Desde la dolarización, hace ya 20 años, el costo de producción en nuestro país se dolarizó, y de ahí en adelante todo incremento ha sido permanente. Anteriormente, estos eran compensados ágilmente con la devaluación monetaria, hasta que llegue una nueva devaluación, y así sucesivamente. Este ejercicio de esconder las debilidades de nuestra economía, se acabó con la dolarización. Para agravar las cosas, el modelo político experimental del Socialismo del Siglo XXI, estableció un cierre de la economía, elevando aranceles, impuestos, tasas y contribuciones, de manera tal que se afectaron casi todos los bienes que producimos para exportación y especialmente para consumo local.
Como resultado de estas cargas a la producción local, los costos se dispararon al punto de encarecer en más del 25% la producción local en comparación de Estados Unidos de América, descontando la inflación de ese país, a pesar de haber adoptado su moneda. Es decir, perdimos la competitividad frente a ese país y mucho más frente a otros países, pues el dólar se ha fortalecido en estas dos décadas. Ahora nos encontramos frente a grandes desafíos con la firma de acuerdos de comercio con economías orientadas al crecimiento de sus exportaciones, como Europa, Chile, Perú y México.
Ecuador es un país eminentemente agrícola, y por tanto sus mejores oportunidades o problemas se vinculan al agro. Siendo un país diverso, con condiciones para cultivar infinidad de productos tropicales hasta de altura. La agricultura de la Costa se ha orientado principalmente a productos exportables como banano, cacao, frutas, café. También produce caña de azúcar y maíz para consumo interno. Mientras que la Sierra ha dedicado su esfuerzo a la producción de alimentos para consumo local, con importantes excepciones como las flores y broccoli.
La provincia de Cotopaxi destina la mayor parte de su territorio a la actividad agrícola y pecuaria para el mercado local. Los productos se producen con métodos rudimentarios, carentes de tecnología, dando como resultado productos costosos, irregulares y sin valor agregado, que merecen bajos precios en el mercado local, sin oportunidades ciertas de exportación por los altos costos. Es así como se llega a un círculo vicioso que se repite una y otra vez, acentuando la pobreza de la población rural que vive de hacer producir la tierra.
Con motivo de la apertura comercial, es necesario advertir esta situación y tomar acciones contundentes que nos permitan “rescatar” el potencial del sector agropecuario, para ofrecer un futuro promisorio a la población afectada. Para mañana es tarde. Es imperativo construir una hoja de ruta para enfrentar la situación. No solamente con motivo de la apertura, sino porque han pasado muchos años de contemplación de los problemas, sin buscar soluciones efectivas.
El primer paso debe ser un diagnóstico claro del problema.
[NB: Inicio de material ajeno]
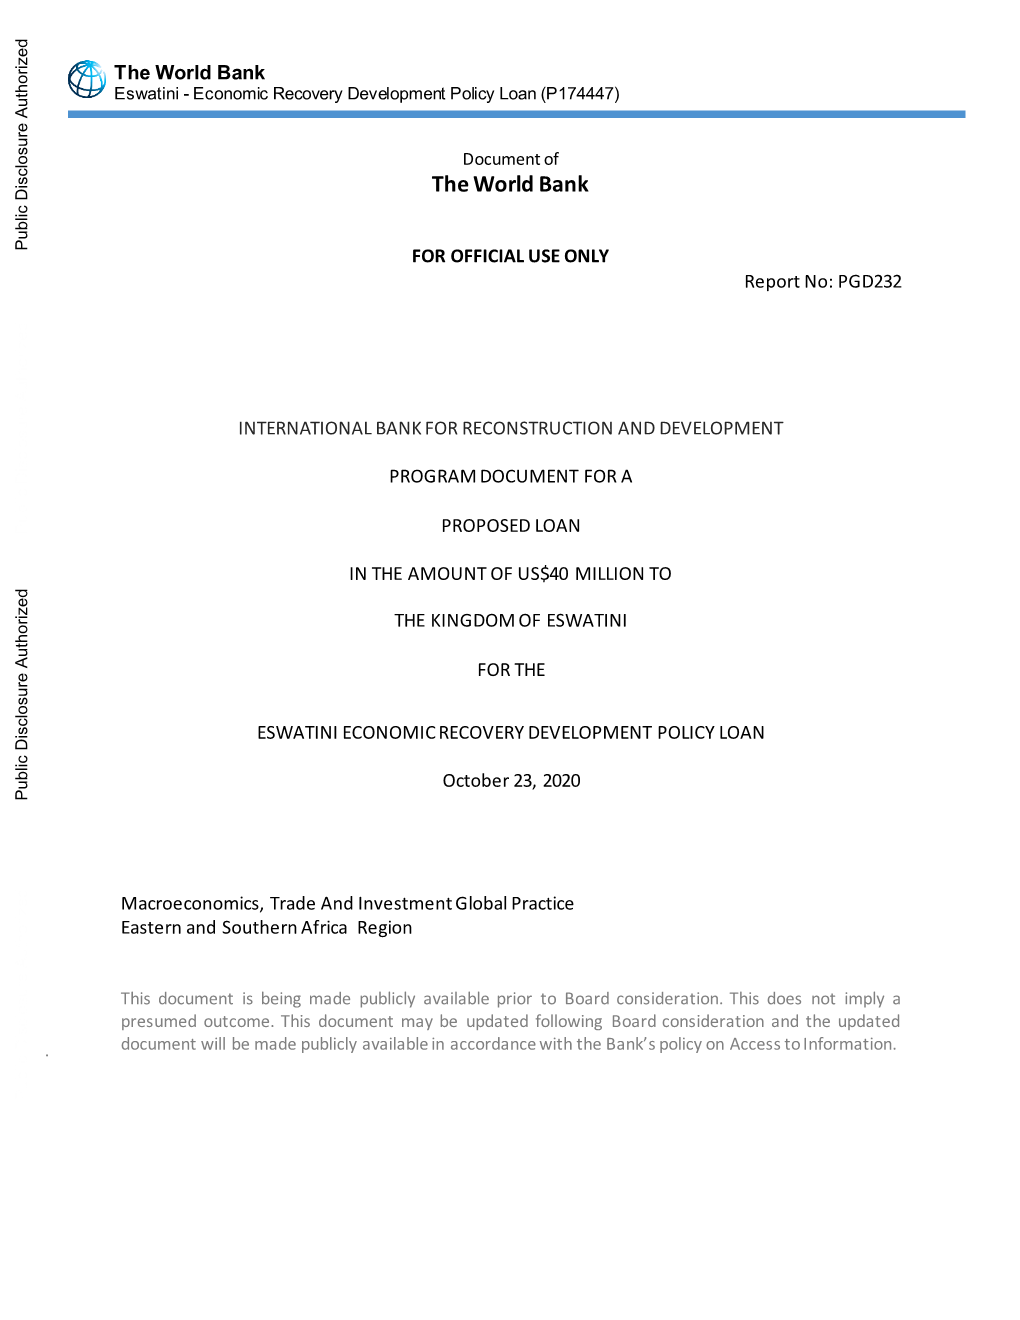 The World Bank Eswatini - Economic Recovery Development Policy Loan (P174447)
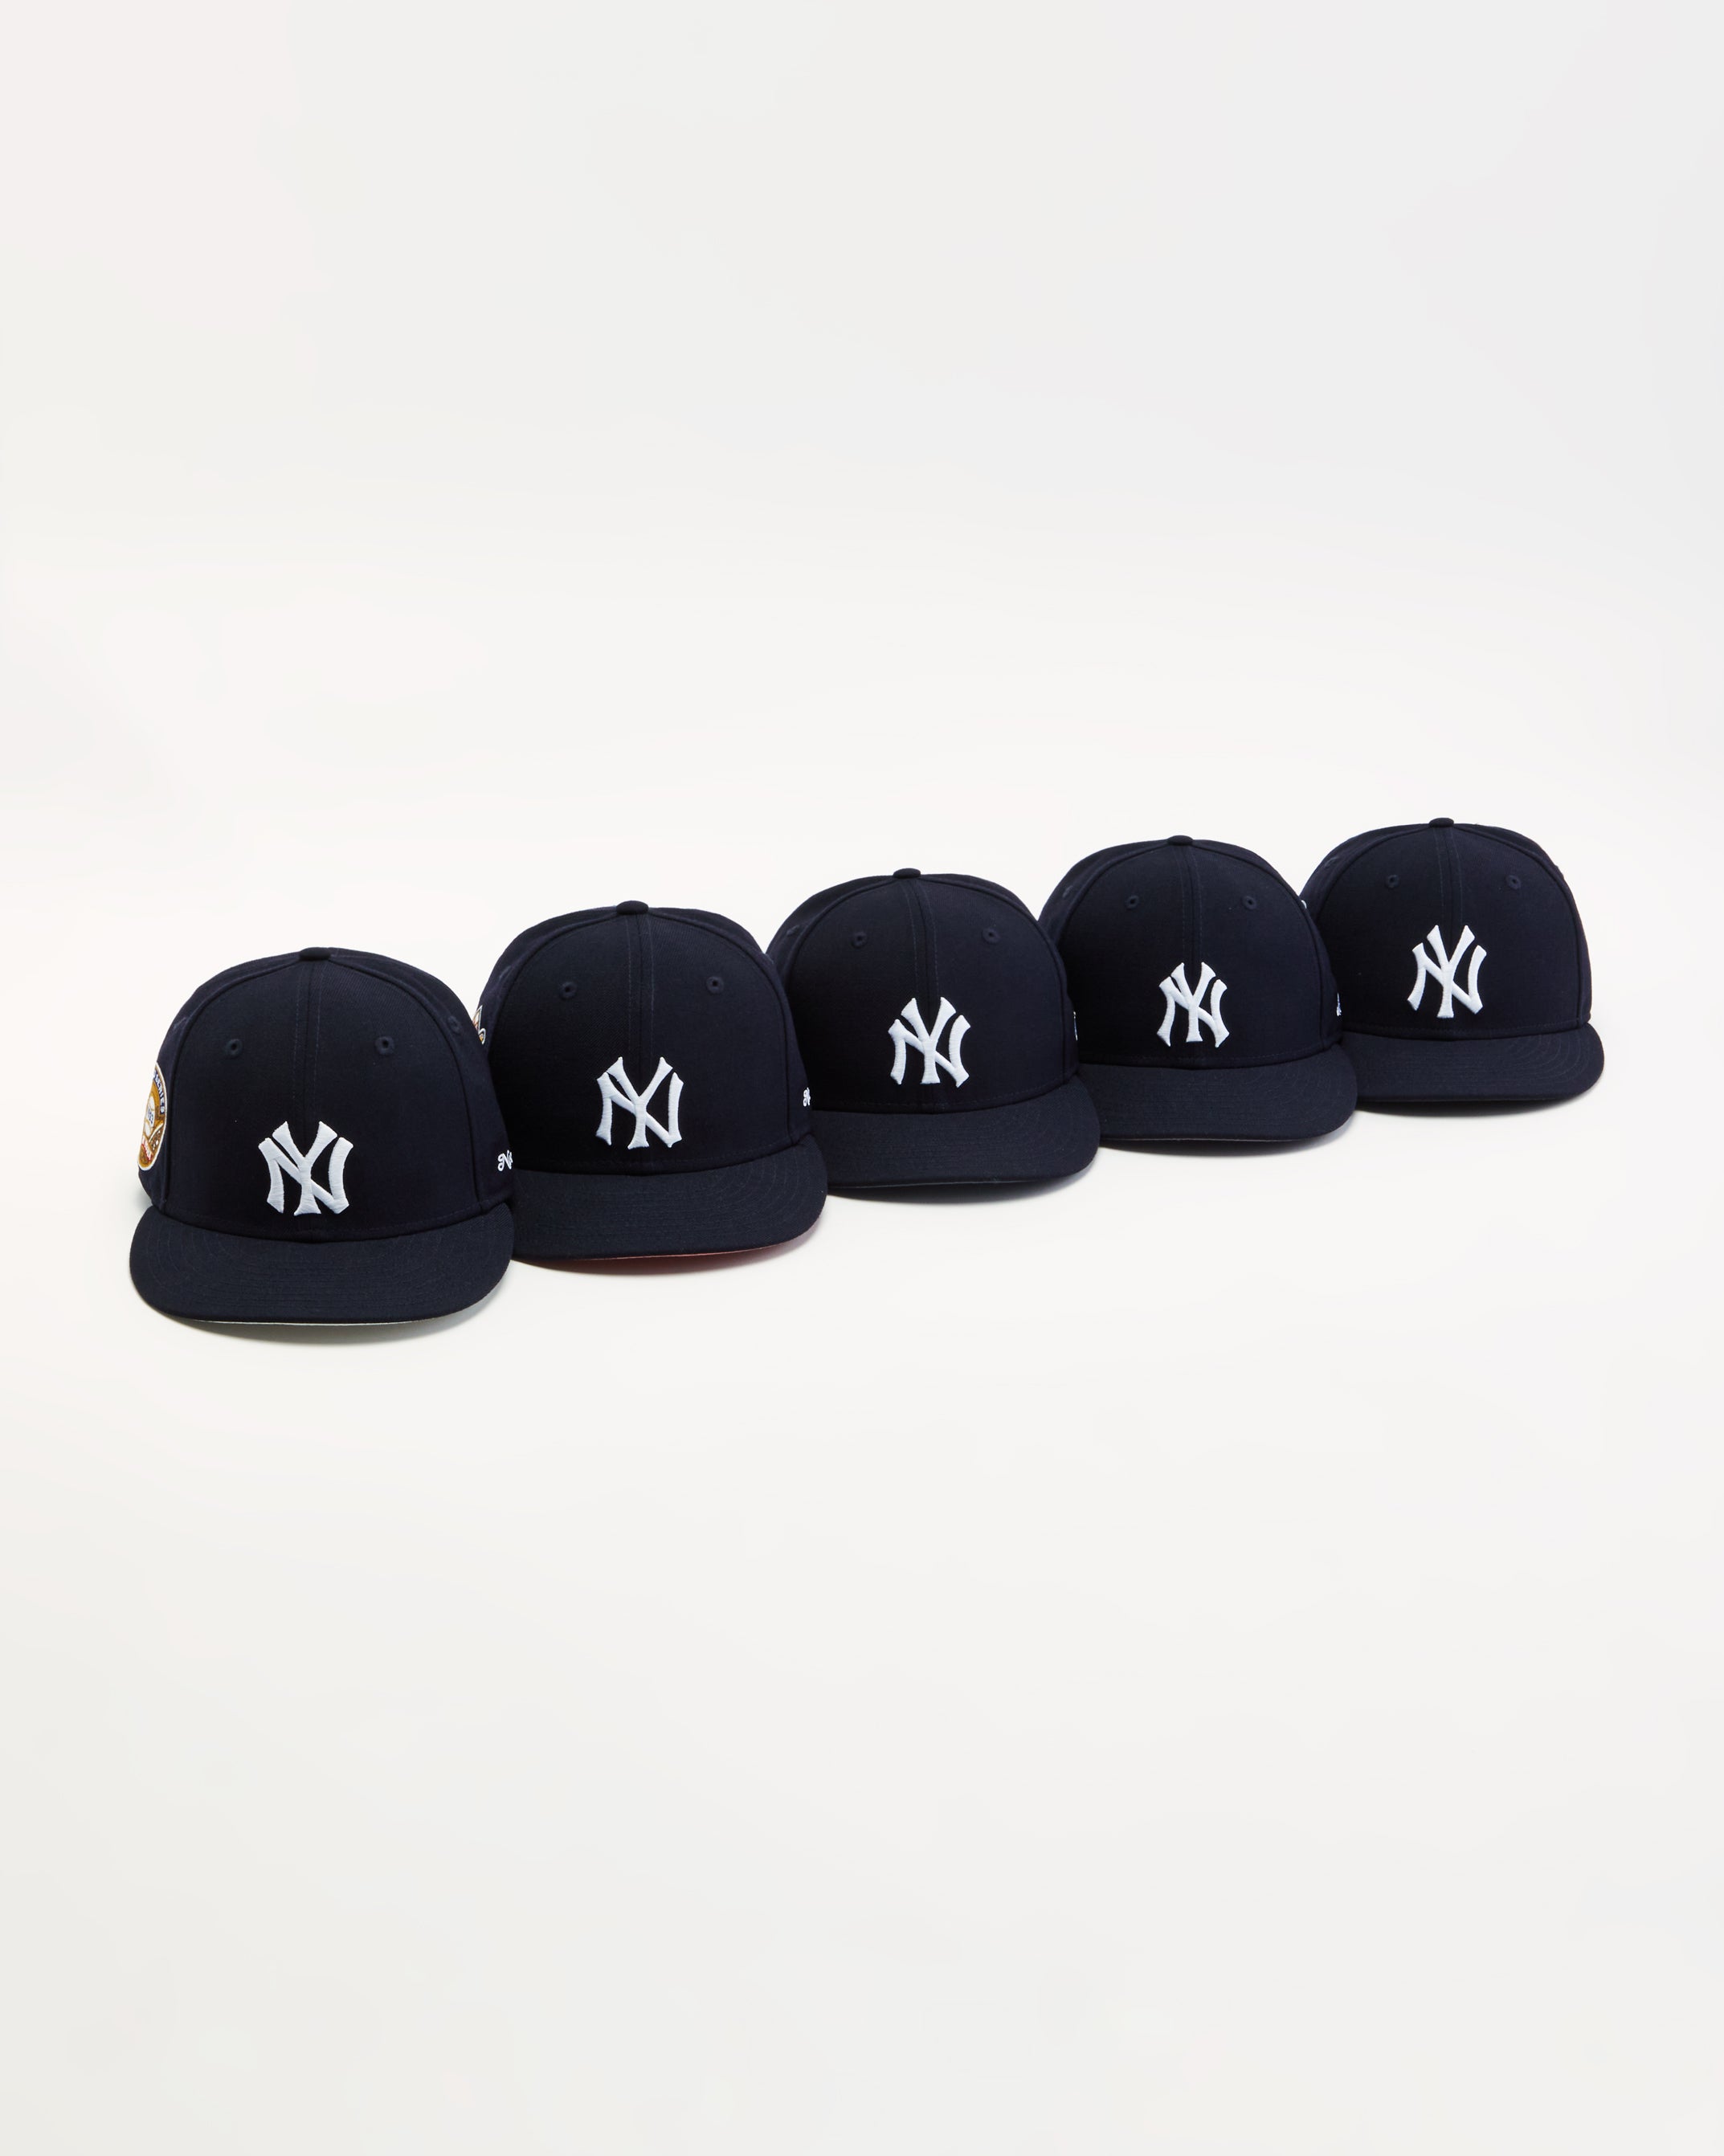 Kith & New Era for New York Yankees - The Palette

Esto debe construirse conjuntamente con los propios actores, que son quienes han vivido con angustia dando la cara a la pobreza día a día, sin ayuda de los poderes centrales. La clave estará seguramente en las estructuras obsoletas que ha conservado el Estado para proteger su propia situación económica, creando cargas y trabas a la producción. Esto se resuelve desmontando esos obstáculos hasta el punto de equiparar las condiciones de trabajo con los países que vamos a enfrentar.
Los productos agrícolas y agropecuarios no deben tener cargas tributarias directas ni indirectas, para equiparar los costos de producción al resto del mundo. Mientras que la tecnología debe incorporarse en el agro y así aspirar a los índices de productividad de los mejores. Los cambios toman tiempo, pero no hay camino más largo que el que no se empieza a recorrer. Si se puede.